Gli investimenti in gas e carbone contraddicono gli impegni alla transizione ecologica della principale energy utility italiana. Le critiche degli azionisti attivi in assemblea soci
Di Luca Manes
Siamo sicuri che l’immagine di “azienda verde” che l’Enel si è costruita negli ultimi anni, anche grazie al suo amministratore delegato Francesco Starace, collezionista seriale di premi per la sostenibilità ambientale, sia del tutto meritata?
Non è stato possibile capirne di più in occasione dell’assemblea degli azionisti, che ha certificato il terzo mandato triennale consecutivo per Starace, il cambio della presidenza – Patrizia Grieco ha lasciato il testimone a Michele Crisostomo – ma che, essendo a porte chiuse, non ha previsto una vera e propria interlocuzione tra azionisti, grandi investitori e il board.
La controversa conversione delle centrali a carbone italiane
Per quest’anno, quindi, niente azionariato critico. Unica eccezione, le domande scritte da presentare una settimana prima delle assise, a cui l’Enel ha l’obbligo di rispondere sul proprio sito.
Quello che si desume proprio da queste risposte e da una serie di dichiarazioni più o meno ufficiali è che la più grande energy utility italiana, partecipata ancora per il 30 per cento dallo Stato, non sembra aver intenzione ad abbandonare per sempre i combustibili fossili, dal momento che ha in programma di convertire a gas quattro delle cinque centrali a carbone ancora attive sul territorio nazionale, ovvero Brindisi-Cerano, Civitavecchia, La Spezia e Fusina. Si tratta di ben 3mila megawatt di nuova potenza da installare entro il 2025, in barba all’impegno del gruppo Enel di non investire più un euro in nuova generazione elettrica da fonti che esacerbano la crisi climatica.

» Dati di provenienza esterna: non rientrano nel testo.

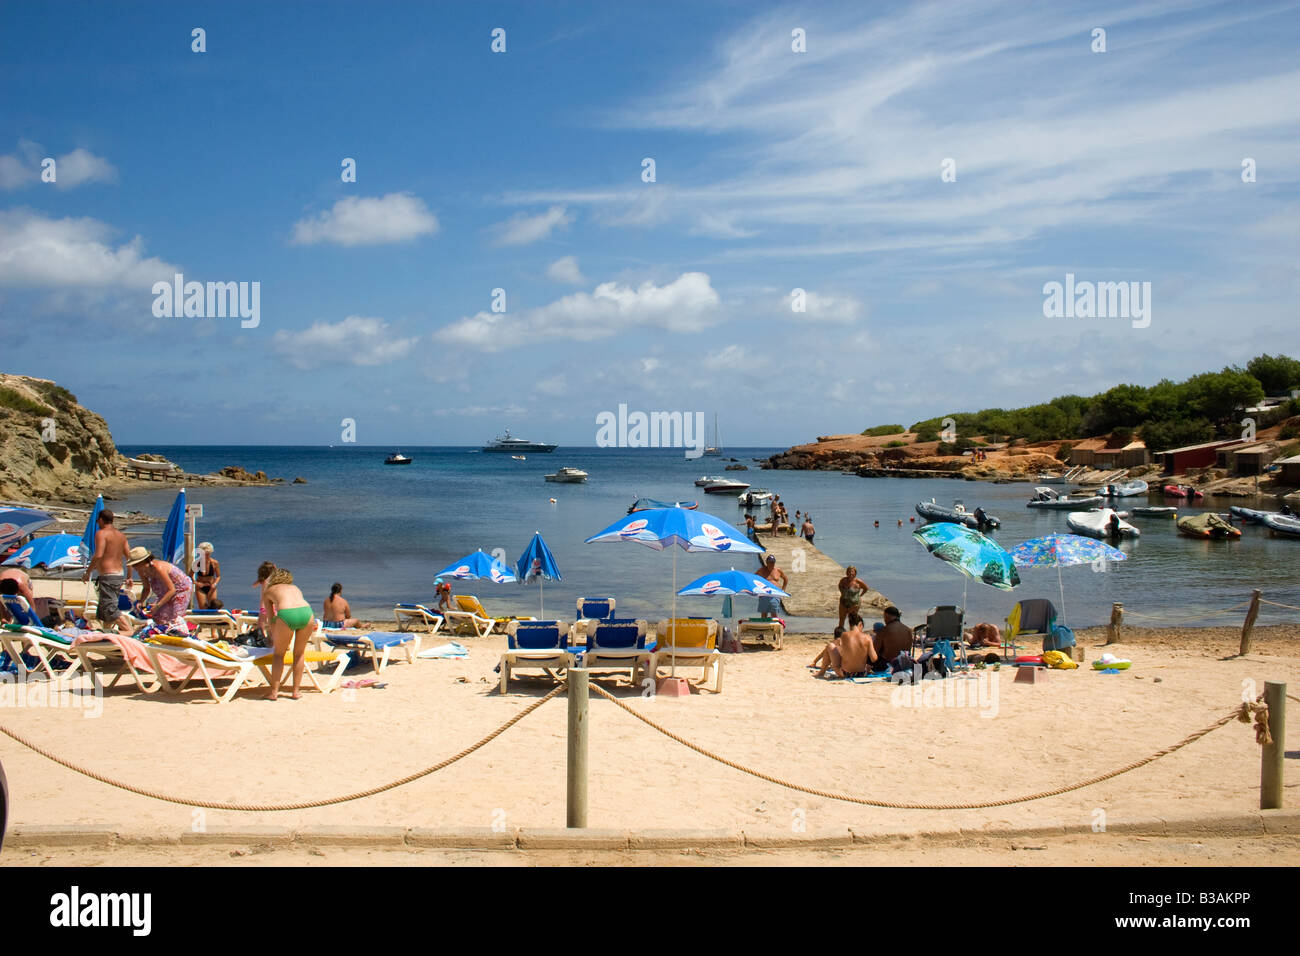 Beach and Bay, Pou des LLeo, Ibiza Stock Photo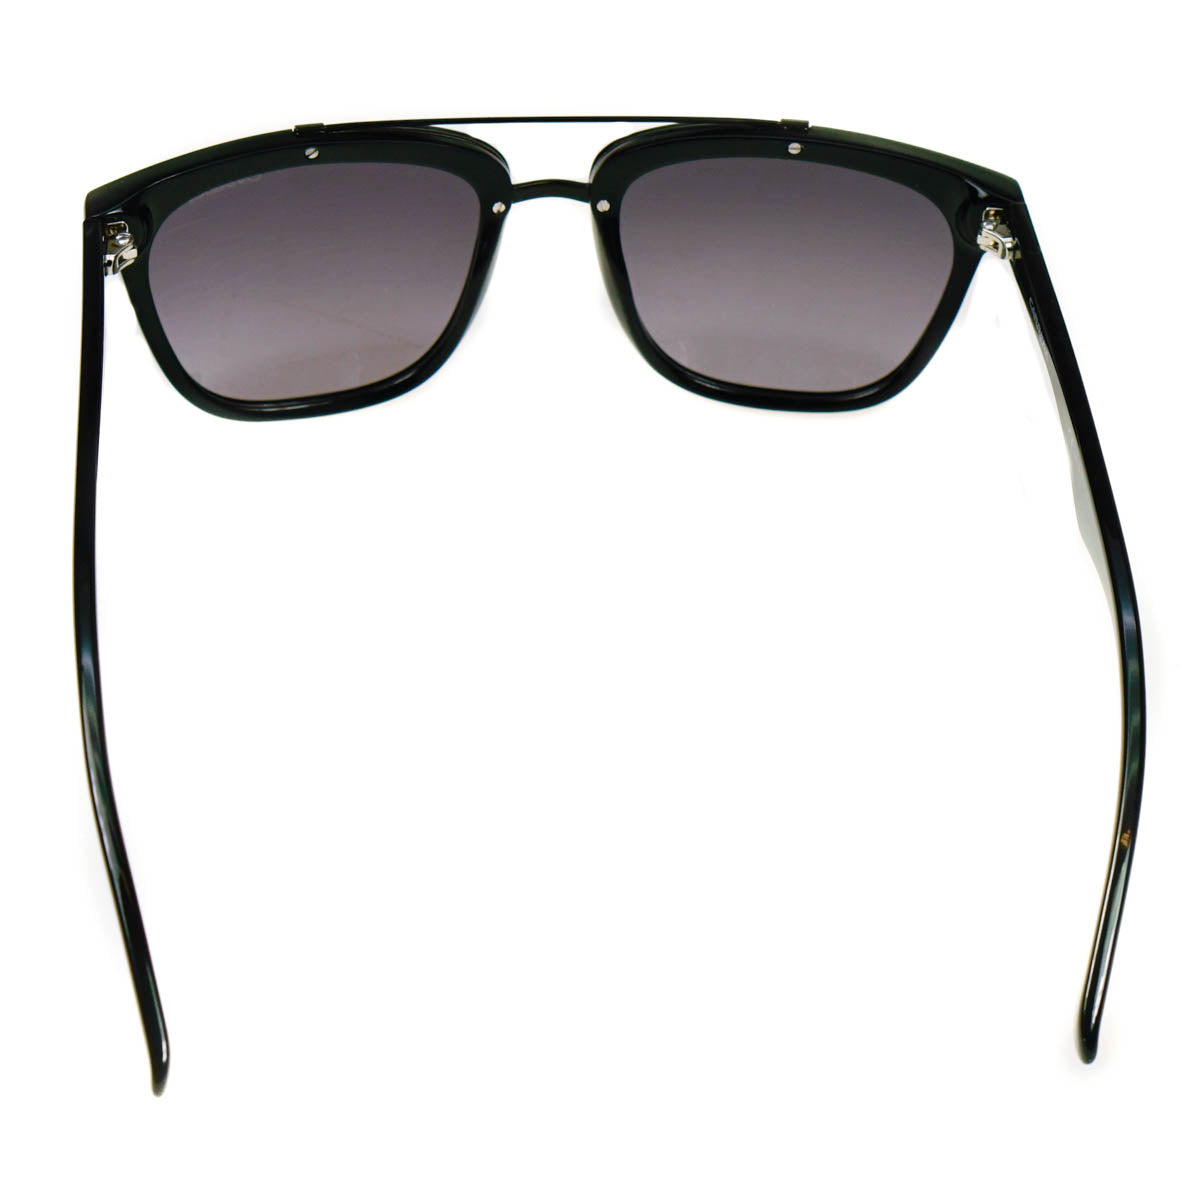 Carrera Men's Black Sunglasses 6002 807

Per essere veramente “green”, l’azienda dovrebbe chiudere per sempre gli impianti – così si cambierà solo la “destinazione d’uso”, di fatto non smantellandoli – e procedere appena possibile con un serio e integrato piano di bonifiche dei territori pesantemente inquinati a causa delle centrali a carbone. La messa a regime di nuovi impianti a gas mitigherebbe ben poco la perdita di posti di lavoro, motivo in più per cui Enel dovrebbe dichiarare da subito il suo impegno per una giusta transizione incentrata sulla difesa dell’ambiente e la creazione di posti di lavoro, si spera finalmente più “puliti” e sicuri.
Il doppiopesismo che inquinerà il Cile fino al 2040
E poi c’è da sanare una “ingiustizia” dall’altra parte del mondo, precisamente in Cile. Lì l’Enel, tramite la sua controllata locale guidata dal cugino del presidente della Repubblica Sebastián Piñera, intende tenere aperta fino al 2040 l’unità 2 della centrale di Bocamina a Coronel, città industriale di quasi 120mila abitanti situata 500 chilometri a sud di Santiago del Cile.
Le due unità della centrale a carbone – la prima è datata addirittura 1970 e dovrebbe cessare l’attività nel 2023 – sorgono nel centro abitato, a poche centinaia di metri da una scuola. Gli impatti, come per qualsiasi impianto a carbone, sono tutt’altro che trascurabili. Nonostante varie compensazioni accordate dalla società dopo numerose proteste (la prima nel 2013), la popolazione locale continua a patire fortemente la presenza della centrale. Soprattutto perché, come hanno scritto alcuni attivisti di Chao Carbón a Starace lo scorso anno, si chiedono il perché di questo doppio standard: niente più carbone in Italia entro il 2025 (in Spagna addirittura entro il 2021) e uno stop definitivo in Cile solo nel 2040.
I pensionati norvegesi mettono Enel sotto osservazione
Non sembra che solo le ONG e i piccoli azionisti critici siano poco convinti della linea “green” tenuta da Starace&Co. Proprio alla vigilia dell’assemblea degli azionisti, il fondo pensione del governo norvegese, l’investitore pubblico più grande al mondo e tra i principali azionisti della società, ha messo Enel sotto stato di osservazione all’interno della sua lista di compagnie “carbonifere” da escludere o portare sulla retta via. D’altronde la stessa Enel ha ammesso, nero su bianco, agli azionisti che nel 2019 ha comprato ancora 21 milioni di tonnellate di polvere nera e ne ha bruciati 19. Una macchia non da poco per il presunto campione della sostenibilità.